Is my enjoyment of the meal more important at that moment, to me, than their vocally expressing their views?

Maybe. Perhaps it's best we all just keep quiet and don't say anything for fear of opposing each other.

Or maybe the whole point of having meals together is having interesting conversations.


Every group of people, no matter how much they like or respect each other, will have serious disagreements. How you resolve those disagreements is what matters. There has never been any "at each other's throats" here.

Eating together facilitates communication and understanding with a group, which makes it more likely that conflicts will be resolved in a productive manner. Again, this is what works for us and yes, we hope to attract people who find this kind of culture compelling. Appreciate your taking the time to discuss these topics with us.


I think it’s the fear of being trapped with people you might not like and not being free to speak your mind.

In a restaurant you can leave at any point with very small excuses; you can safely blame the cuisine if you don’t like it; and it’s a large environment with distractions, where one can simply “blend out” if he wants to. At somebody’s home the attention on each other is more intense, it’s a small and quieter environment, you can’t tell the host that his lasagna is terrible or his background music is atrocious, and it feels a bit offensive to leave early.

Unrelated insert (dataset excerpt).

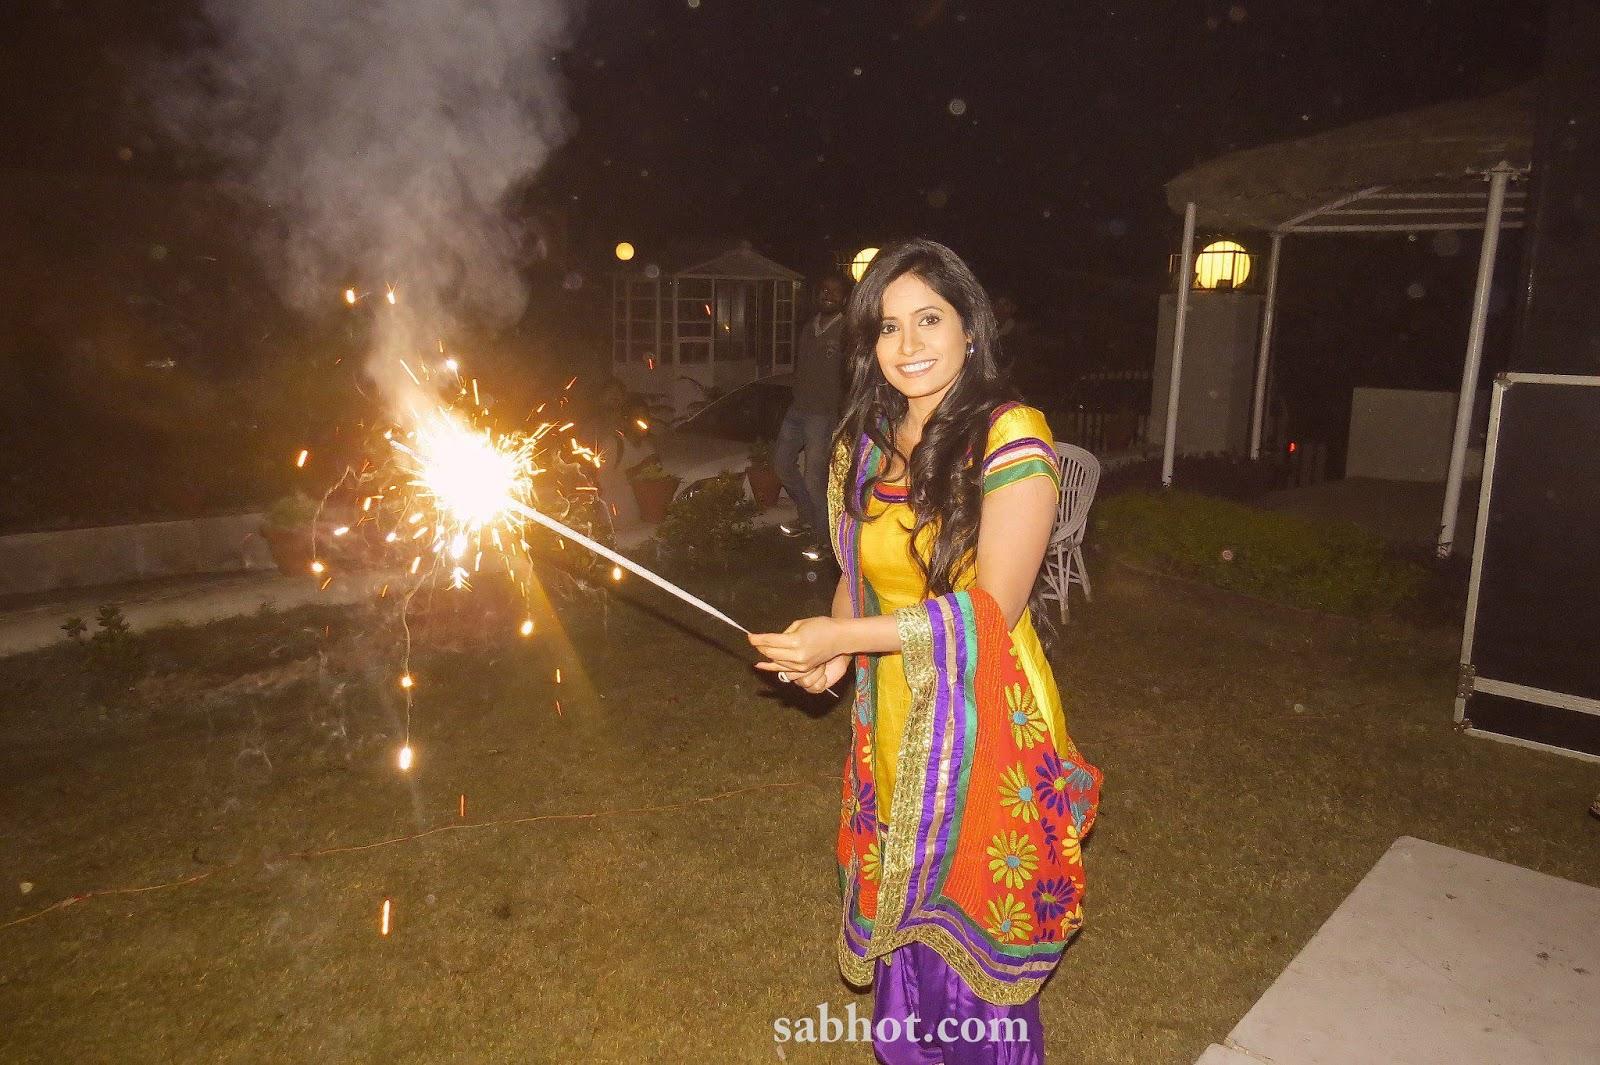 Miss Poojas Unseen Photos - Sabwoodcom-4685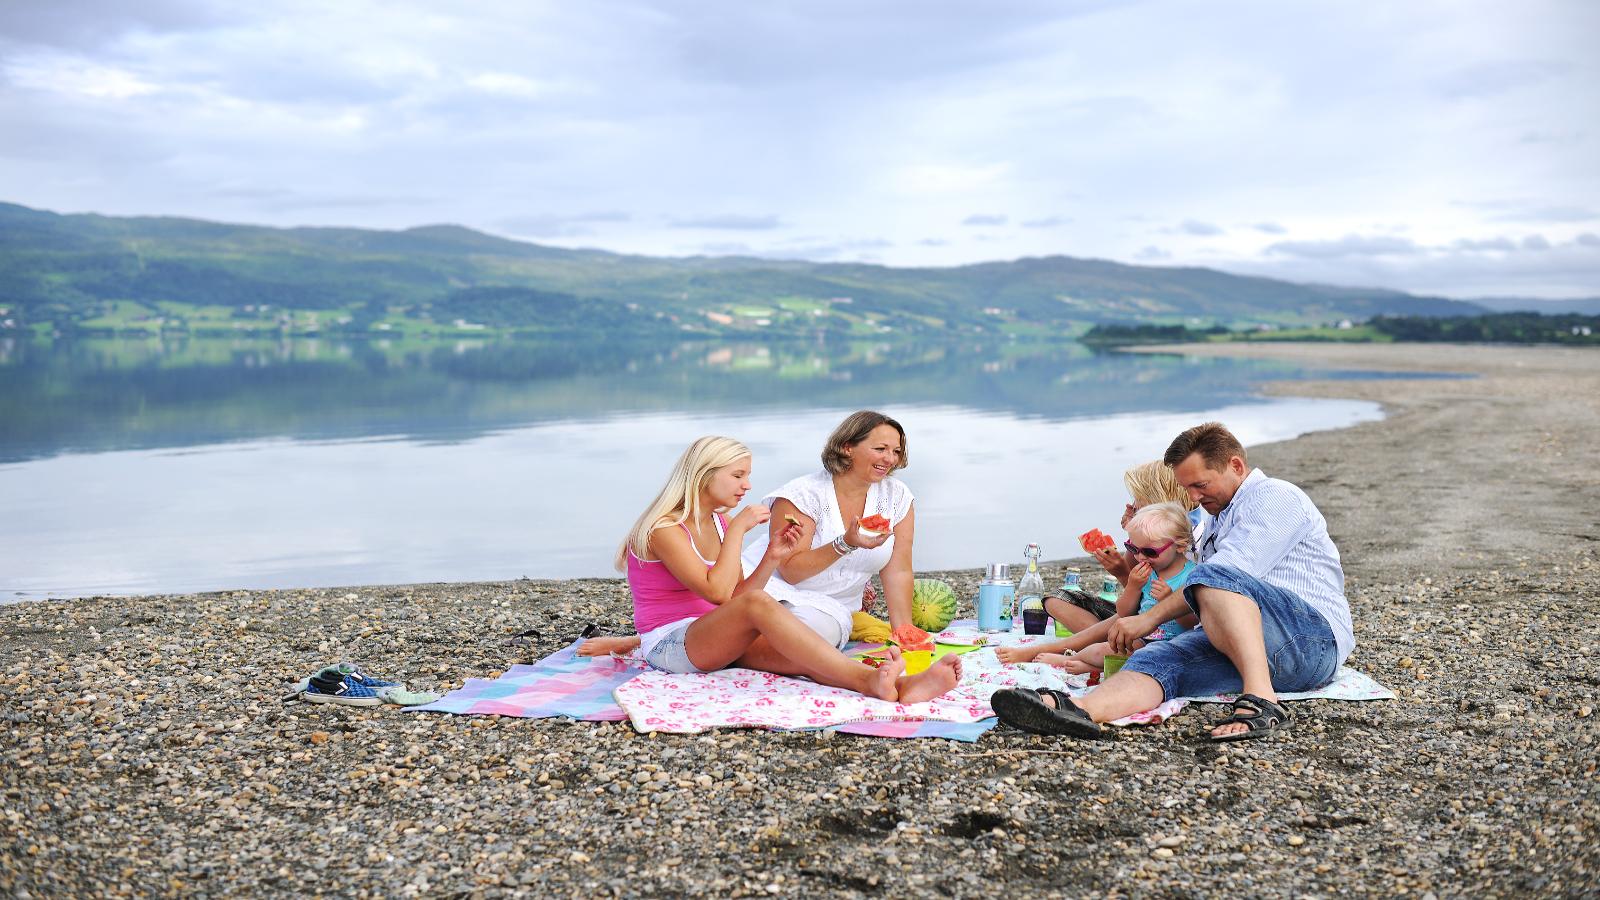 Piknik ved Selbusjøen. Foto: Marius Rua/trondelag.com

This sort of thing is not an issue if people are close friends who can safely slag each others’ off, but in an increasingly globalised and atomised society the ratio of friends to acquaintances has decreased significantly, so gatherings probably tend to feel more formal.


I hope this doesn't go anywhere, to be honest. People need more human connection, not less, and the rituals of preparing food, eating together, cleaning etc are one of THE fundamental things that makes us human.

Replacing fast food with healthy food is good, but we should all be trying to cook more, and be with our loved ones (or hell, even roommates) _more_, not less.


No one is forcing you to invite such people over for dinner and cook for them. I'm sure they'd be happier not spending time with you, based on this short interaction I've had with you.